The legs of an isosceles triangle measures 2x^4+2x-1 units. The perimeter of the triangle is 5x^4-2x^3+x-3 units. Write a polynomial that represents the measure of the base of the triangle.
the answer is 46
I don't know how you actually found a value :/
2x^4 + 2x -1 add 2x^4 + 2x-1 because these are two legs of the triangle.
4x^4 + 4x -2
Now subtract this from the perimeter to get the length of the base. Actually with signed numbers, we don't subtract, we add the opposite.
5x^4-2x^3 + x - 3
+ -4x^4 -4x +2
x^4 -2x^3 -3x -1 This is the answer.
It is not possible to come up with a 46
To find the measure of the base of the isosceles triangle, we need to first understand that an isosceles triangle has two equal sides.

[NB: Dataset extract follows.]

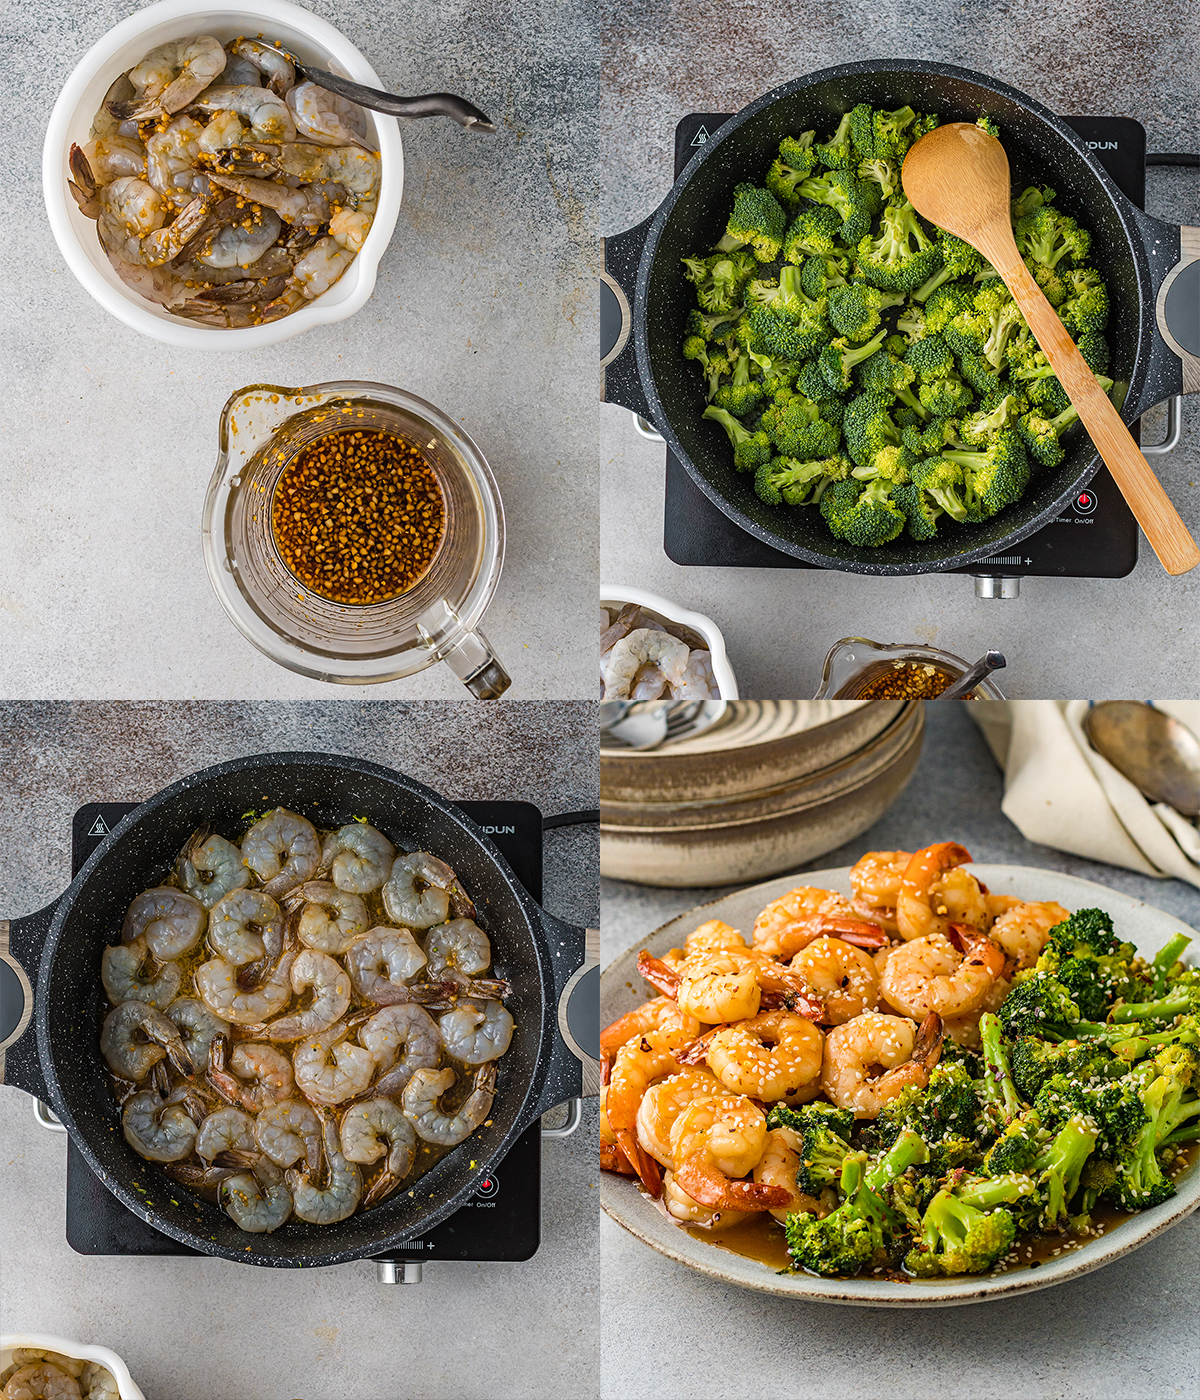 A four photo collage showing the steps to make shrimp and broccoli. 1 - Making sauce and marinading shrimp, 2 - cooking broccoli in pan, 3 - Shrimp cooking in the same pan, 4 - shrimp and broccoli plated

Let's assume that both legs of the triangle measure 2x^4+2x-1 units. We can represent the length of the base of the triangle as "b."
Given that the perimeter of the triangle is 5x^4-2x^3+x-3 units, we can write an equation for the perimeter using the lengths of the triangle's sides:
Perimeter = Length of Leg 1 + Length of Leg 2 + Length of Base
Using the equation, we have:
5x^4-2x^3+x-3 = (2x^4+2x-1) + (2x^4+2x-1) + b
Since the triangle is isosceles, the sum of the lengths of the legs will be twice the length of one leg:
5x^4-2x^3+x-3 = 2(2x^4+2x-1) + b
Now, we can simplify the equation:
5x^4-2x^3+x-3 = 4x^4+4x-2 + b
Combining like terms, we get:
x^4-2x^3+x-1 = b
Therefore, the polynomial that represents the measure of the base of the isosceles triangle is x^4-2x^3+x-1 units.